Data block -
━━━━━━━━

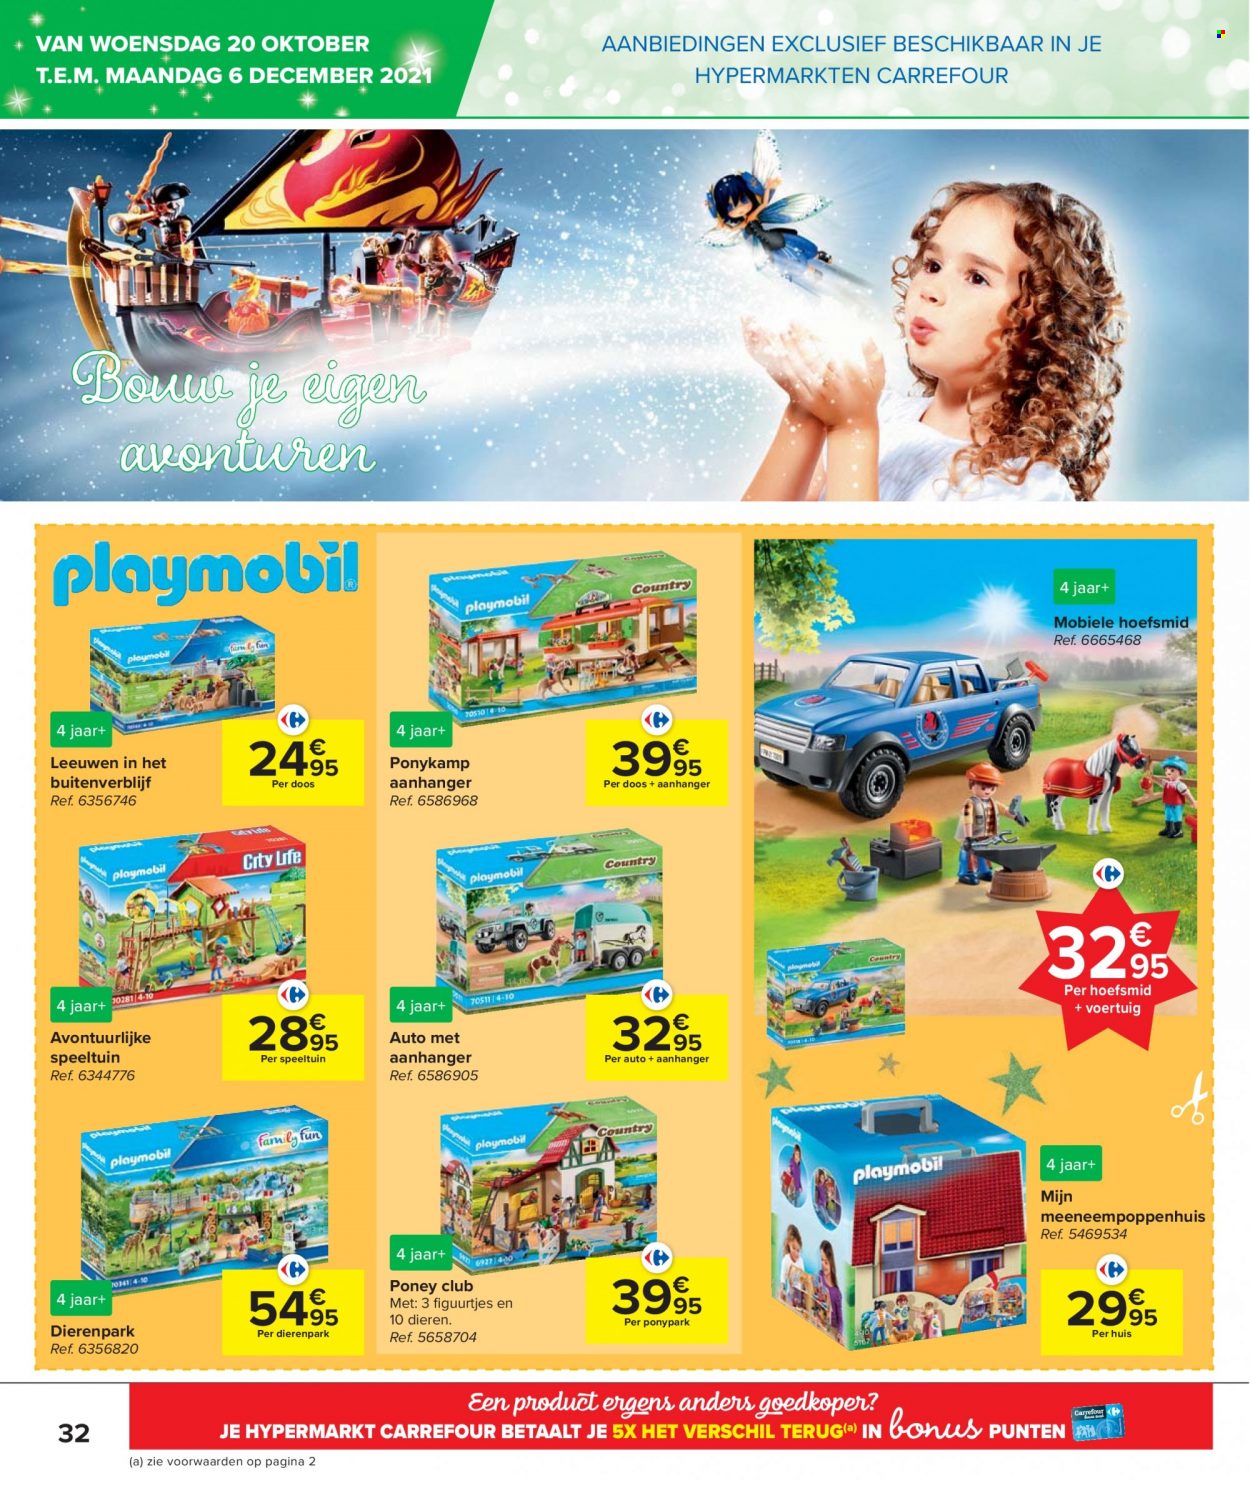 Catalogue Carrefour hypermarkt - 20.10.2021 - 6.12.2021. Page 32.
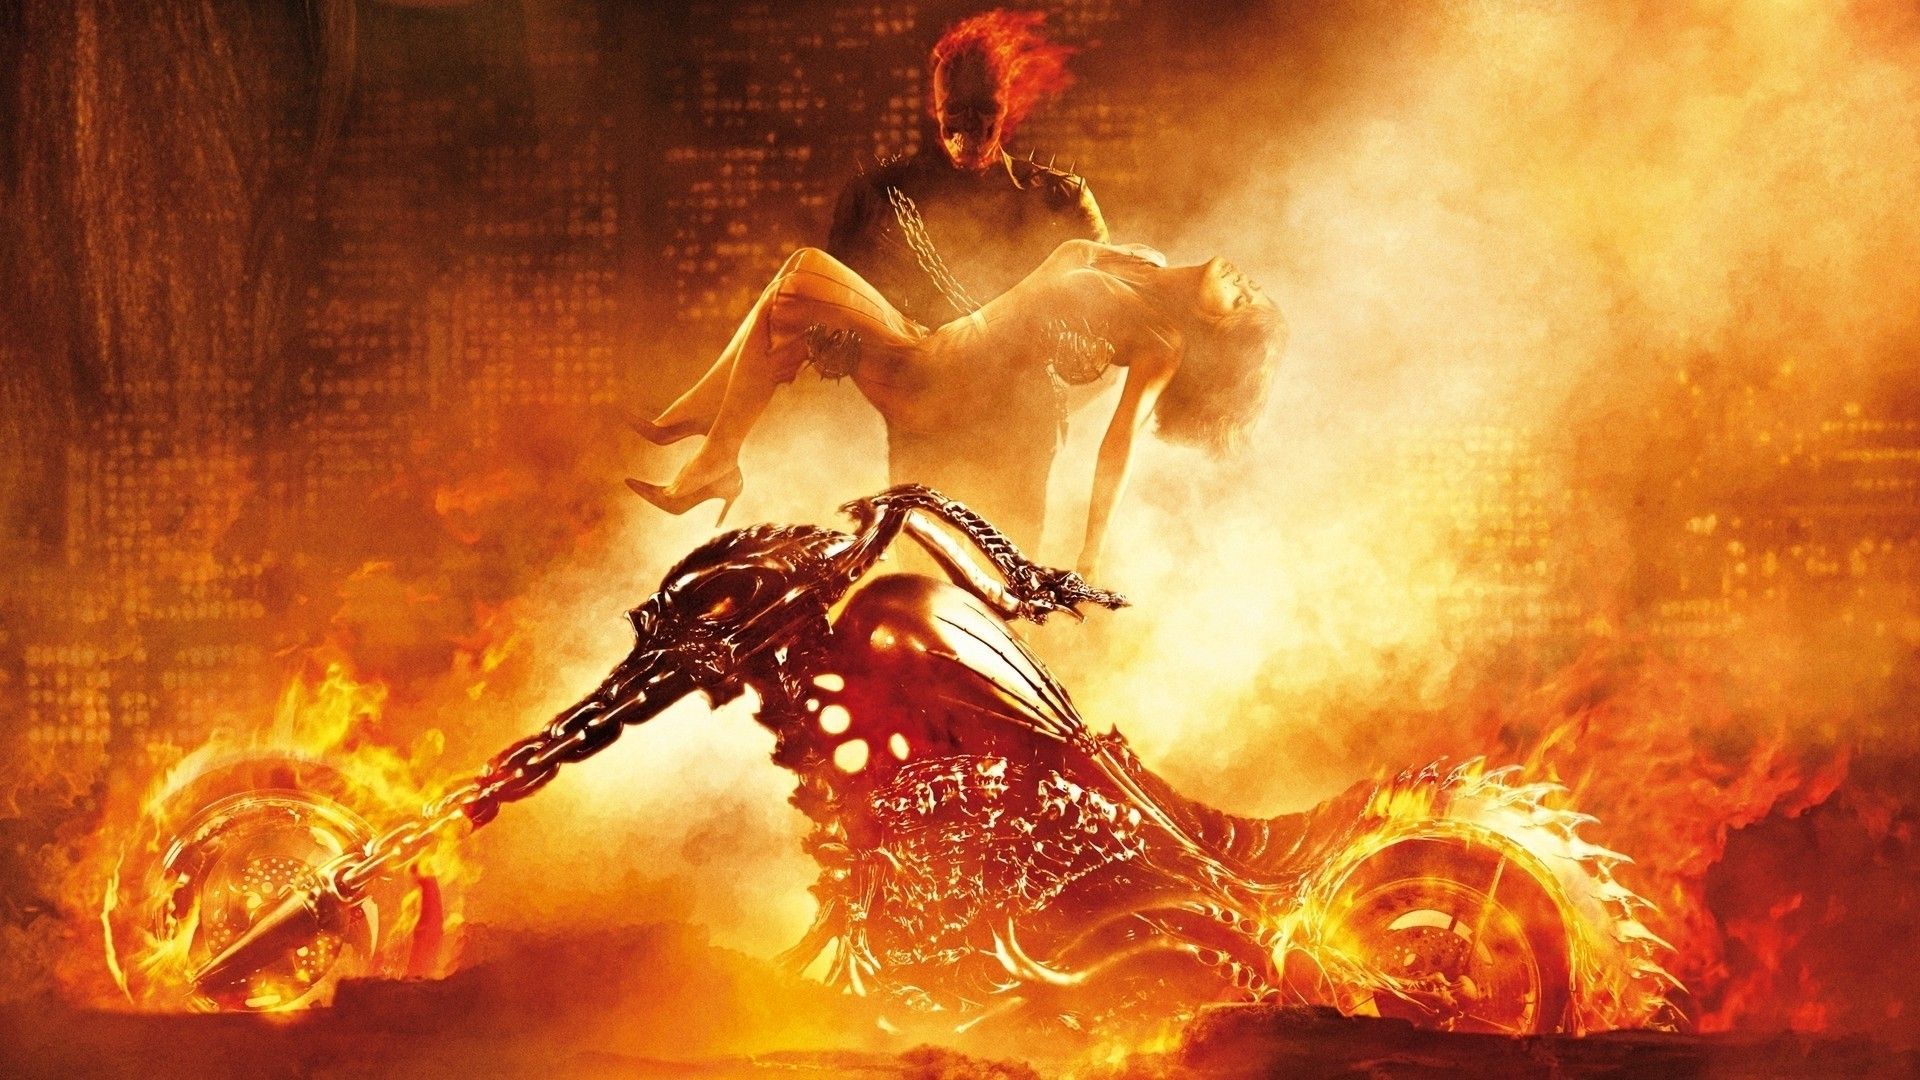 Ghost Rider HD Gorgeous Wallpaper Free HD Wallpaper - Download ...
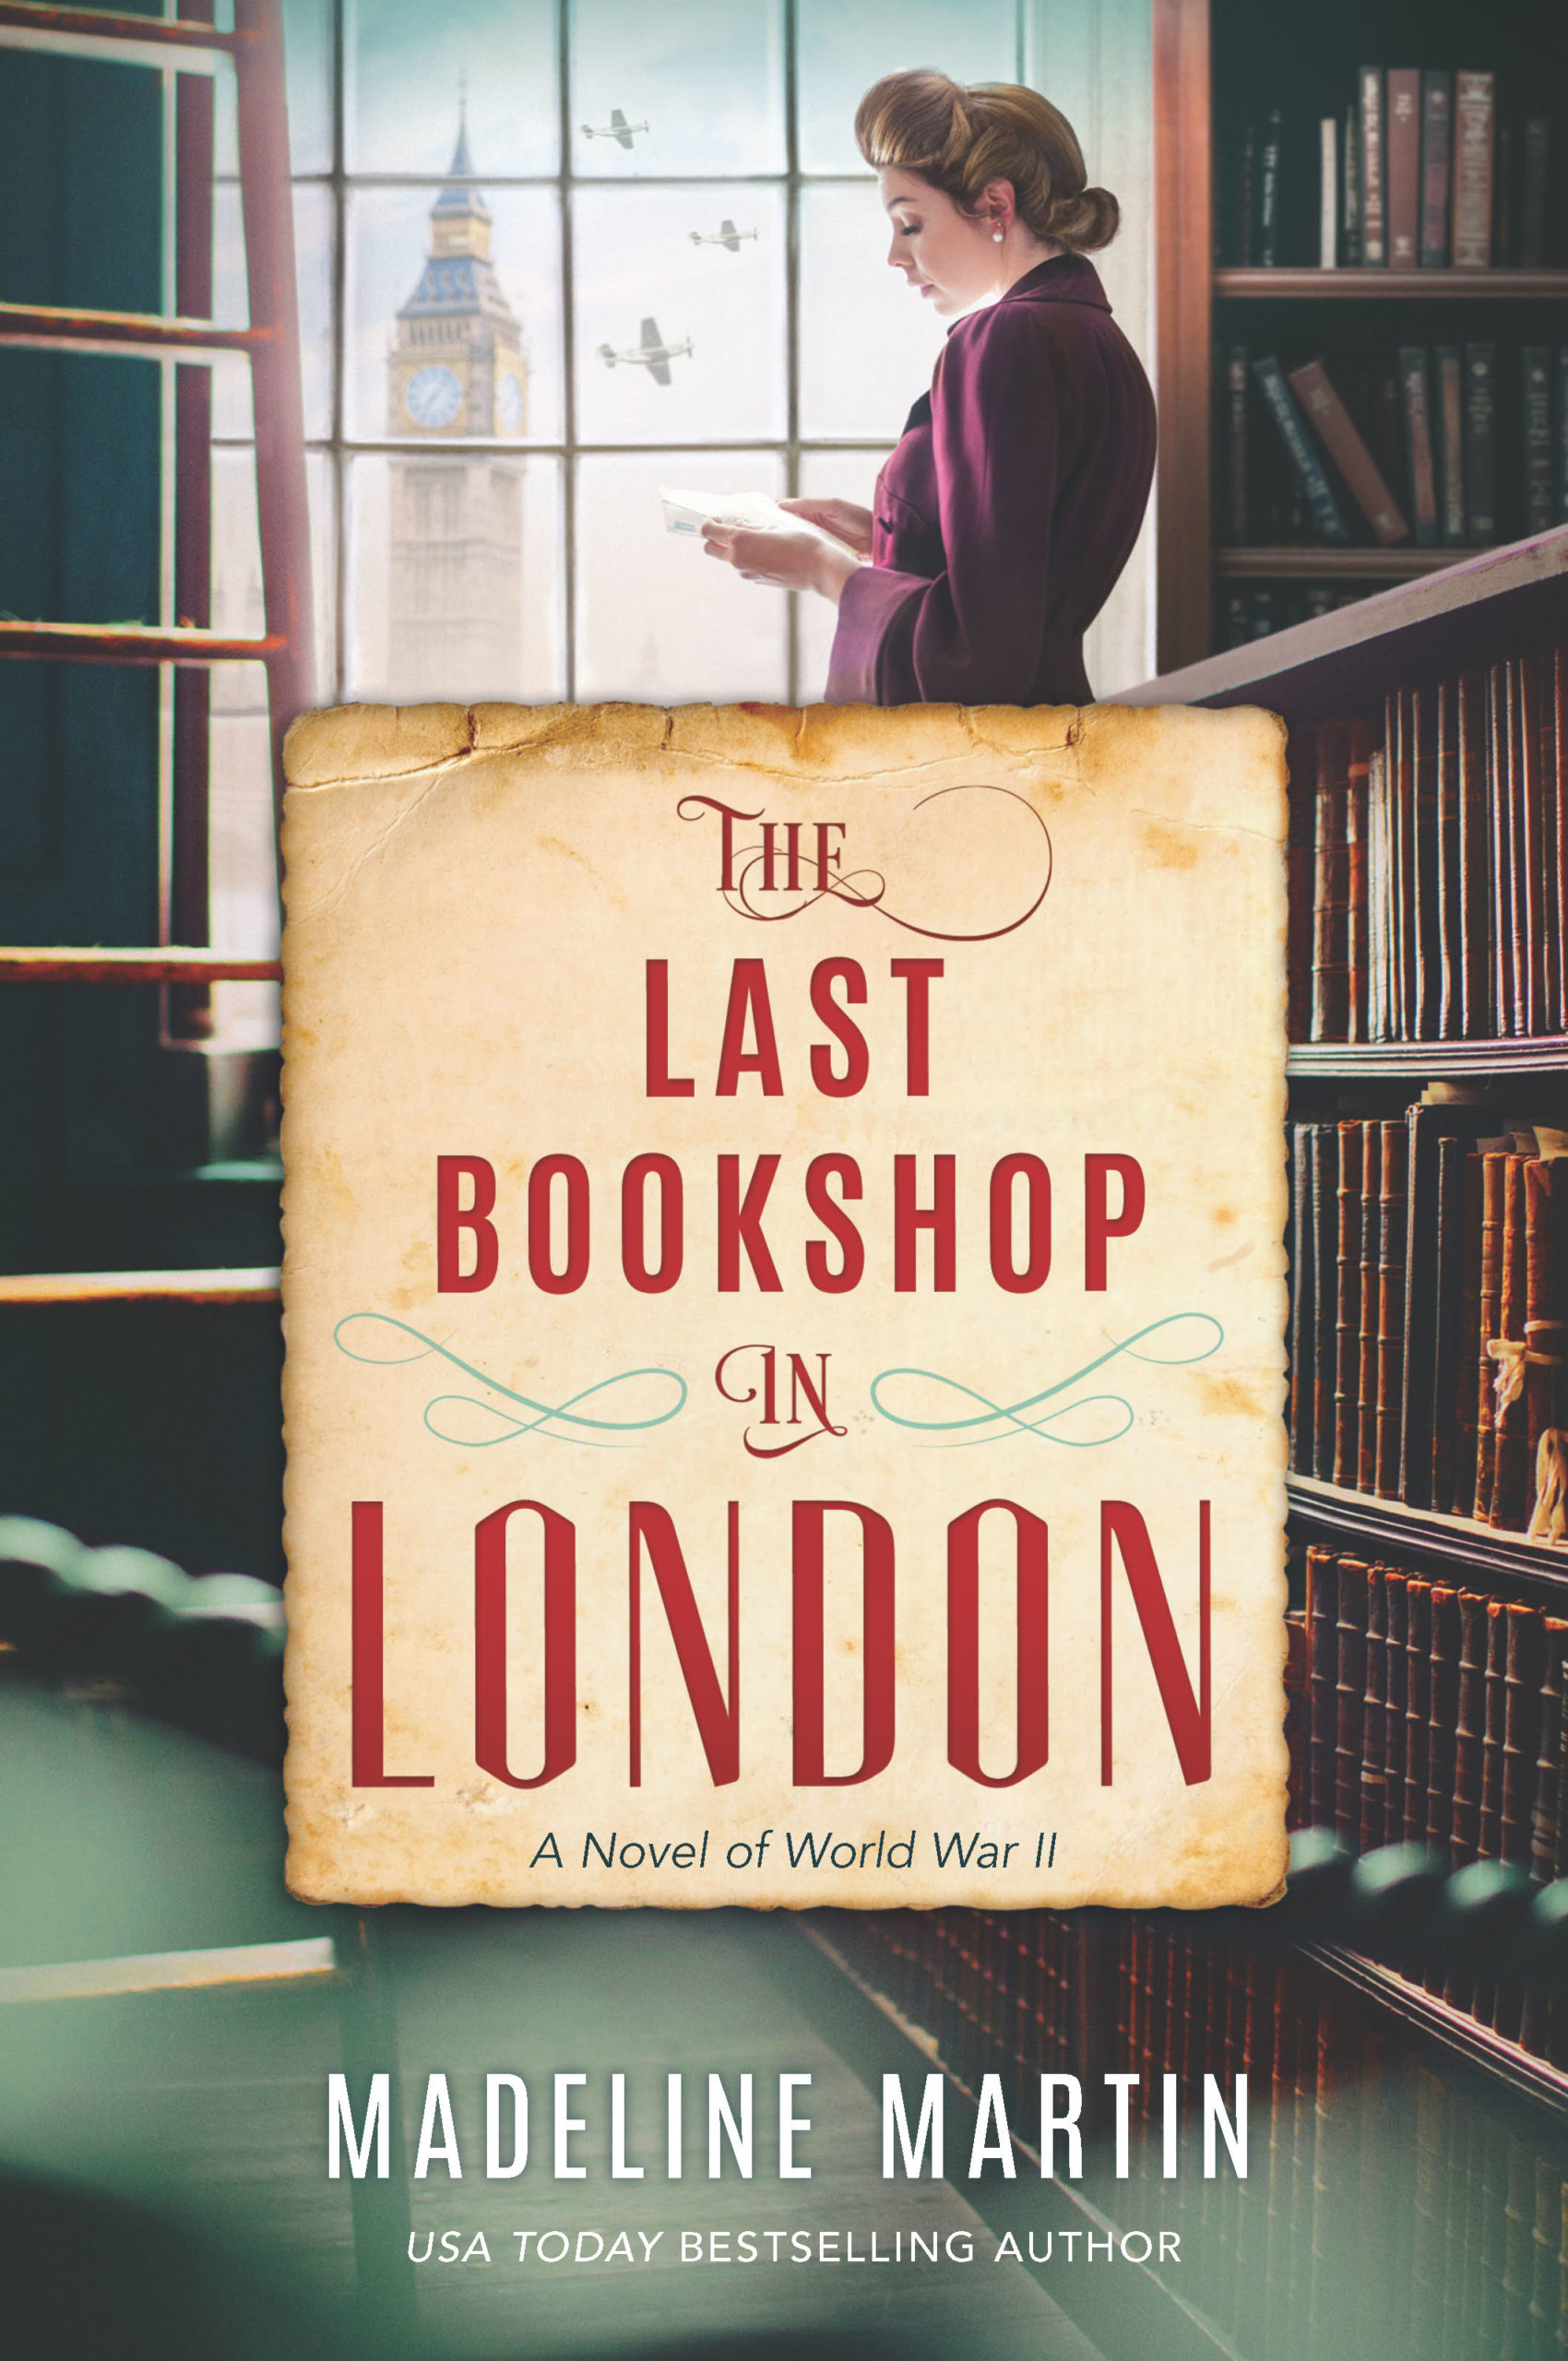 Dedicated: The Last Bookshop in London (Review by Erin Woodward)

━━━━━━━━

Aim of the task - From the line containing "Ghost Rider HD" to the final line above, both included, transcribe every line exactly and leave all pictures out.

Completed exercise -
 Ghost Rider HD Gorgeous Wallpaper Free HD Wallpaper - Download ...
 Dedicated: The Last Bookshop in London (Review by Erin Woodward)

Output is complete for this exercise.